> **GOAL OF THE EXERCISE**:
Repeat only the lines from the one containing "Healthy Tuna salad" to the final line below, exactly as they read, and leave every picture out.

> **SUPPLIED DATA**:

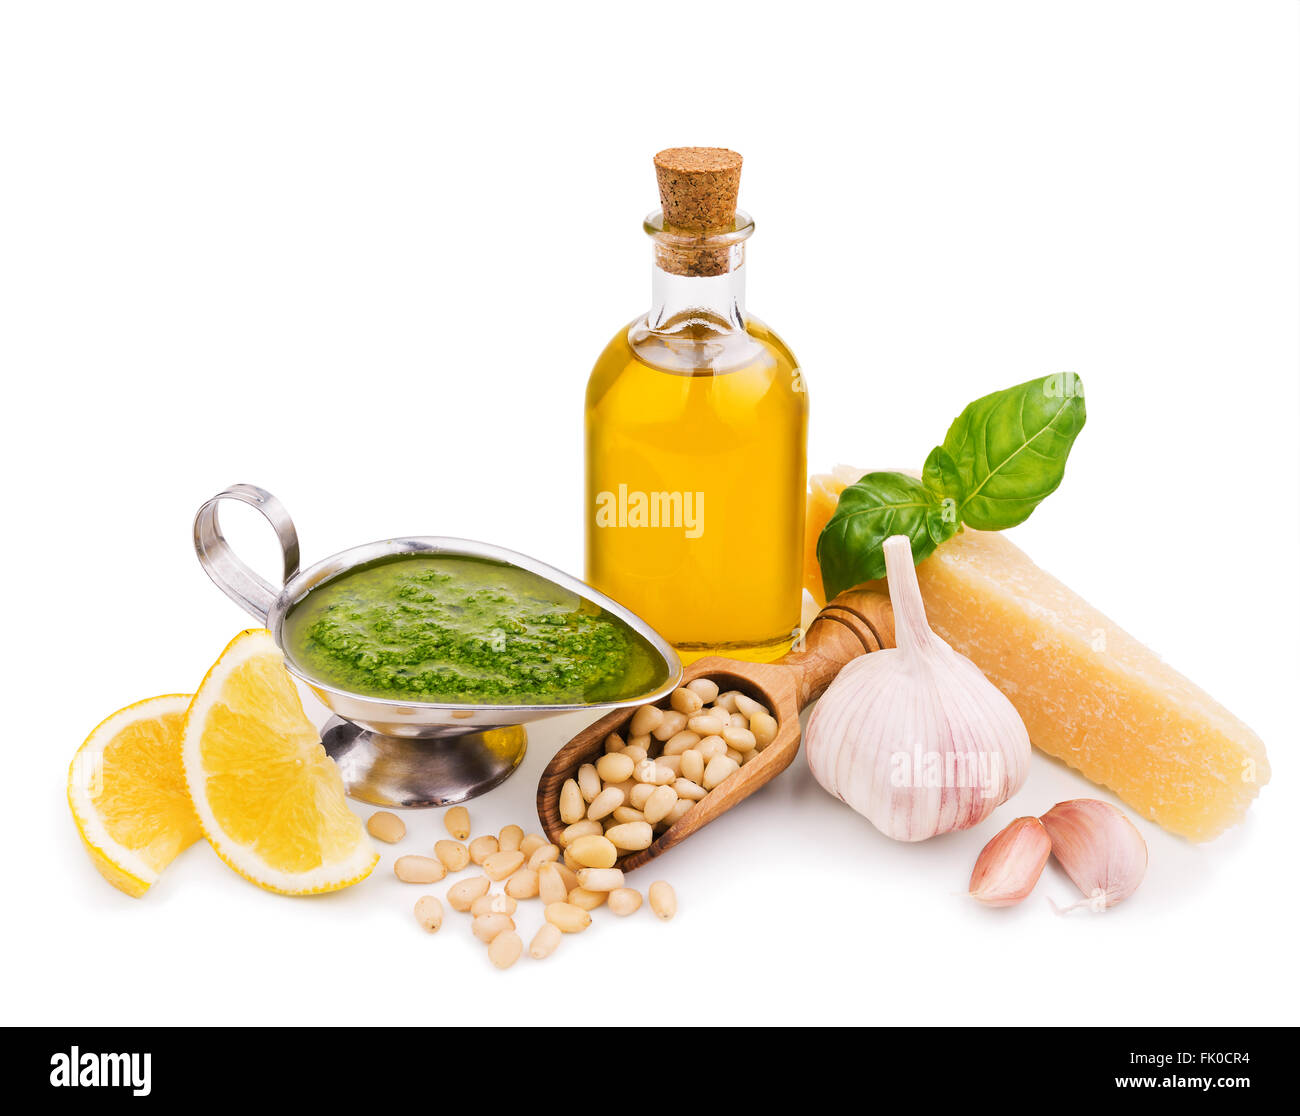 pesto sauce and its ingredients isolated on white background Stock Photo
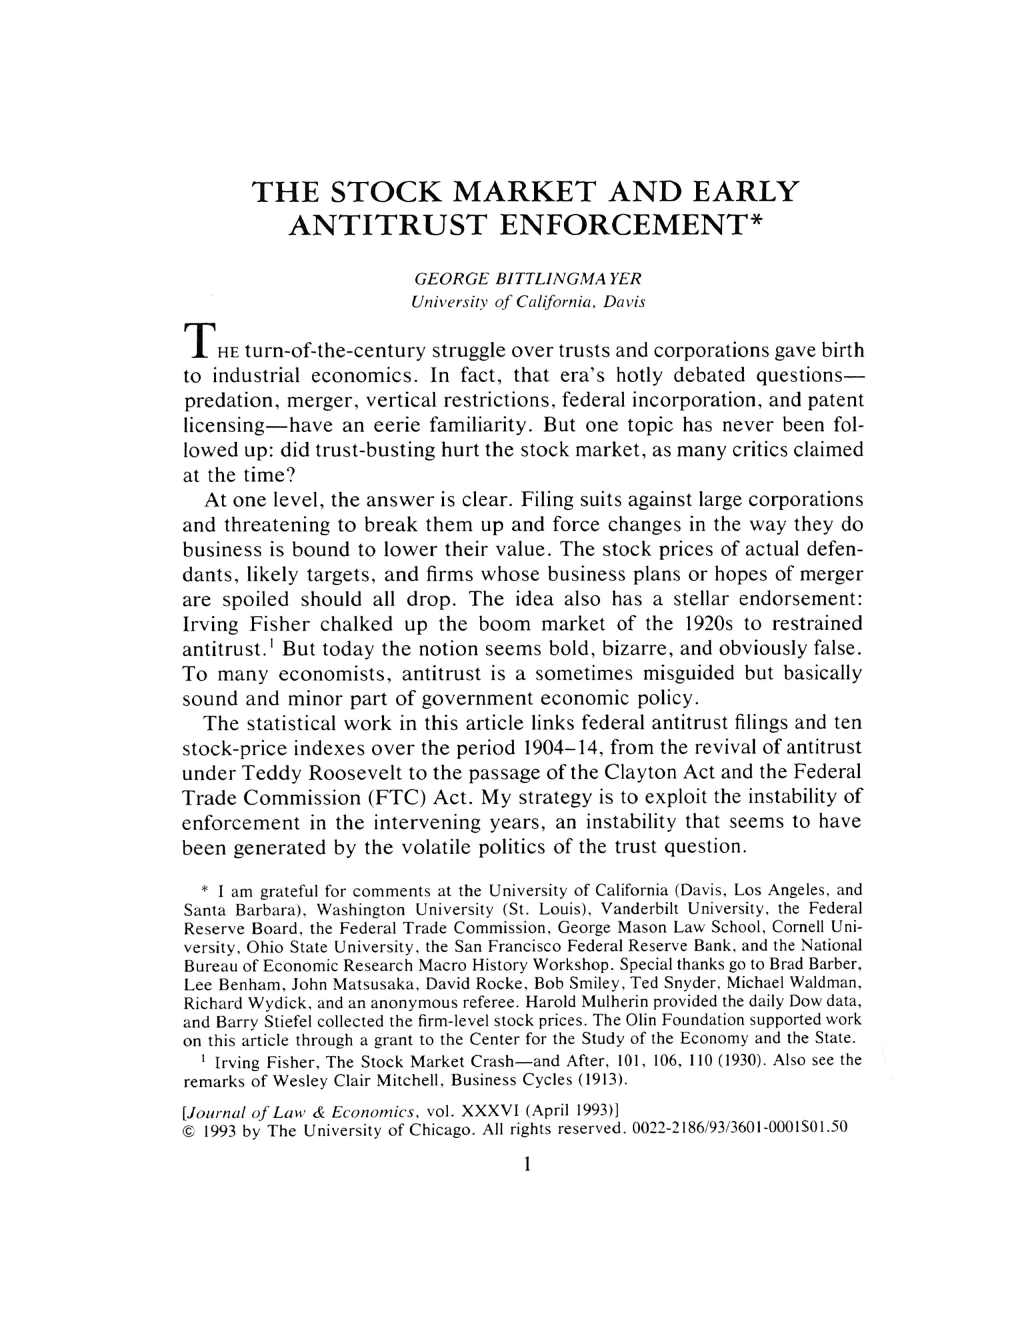 The Stock Market and Early Antitrust Enforcement*
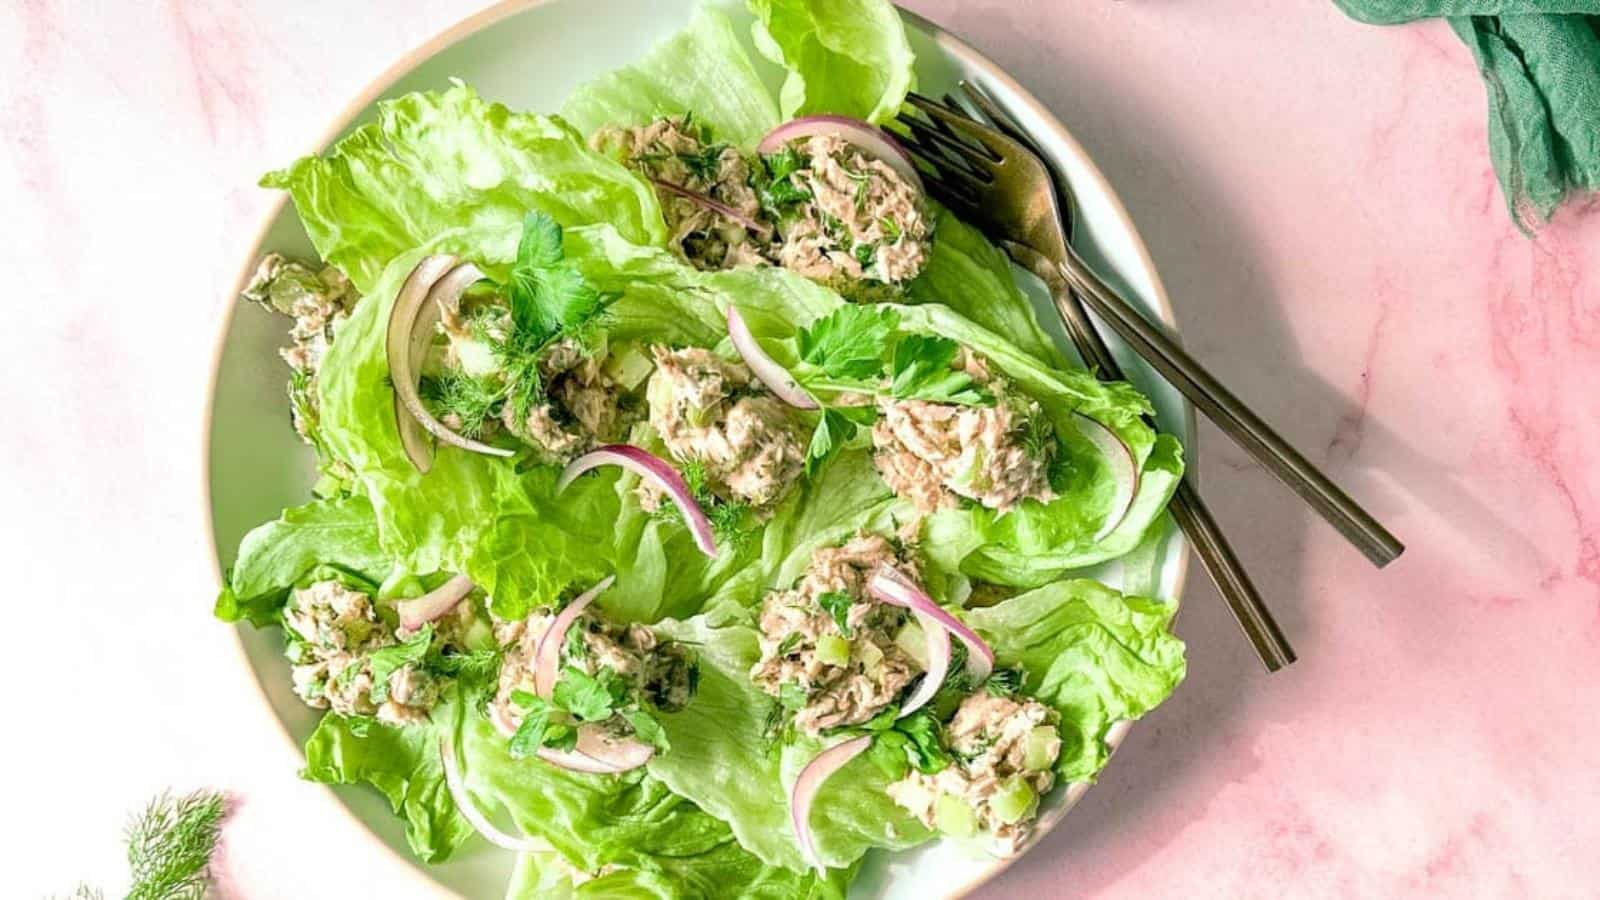 Healthy Tuna salad without mayo sits on a bed of iceberg lettuce surrounded by two forks, dill, and a green linen.
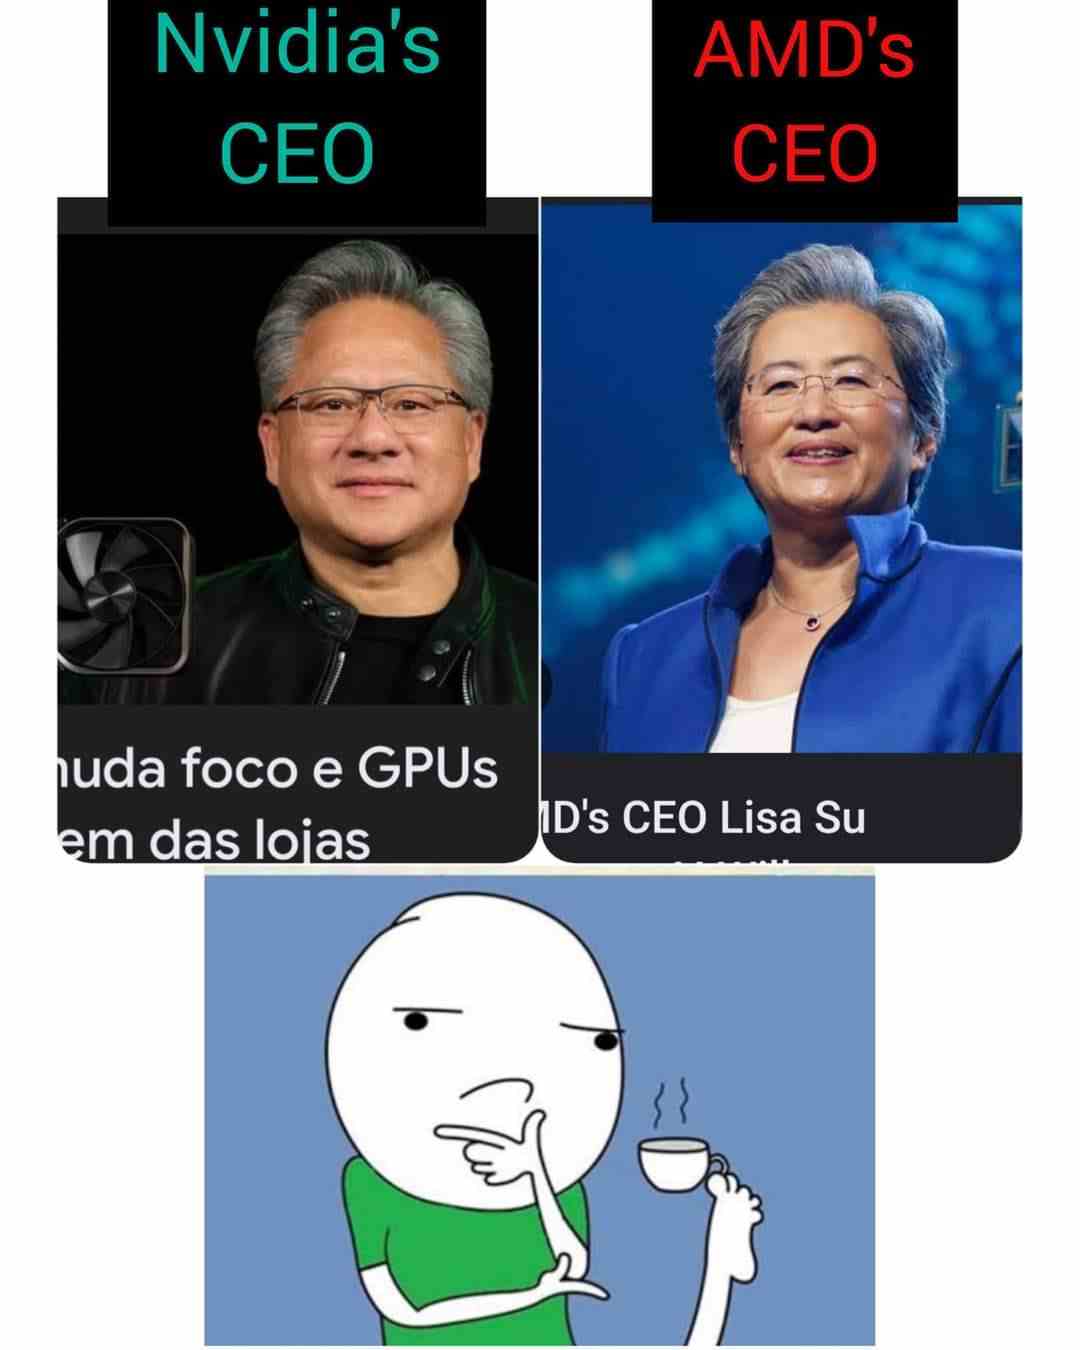 NVIDIA CEO , I want to be identified as AMD CEO

> **REPLY TO THE TASK**:
 Healthy Tuna salad without mayo sits on a bed of iceberg lettuce surrounded by two forks, dill, and a green linen.
 NVIDIA CEO , I want to be identified as AMD CEO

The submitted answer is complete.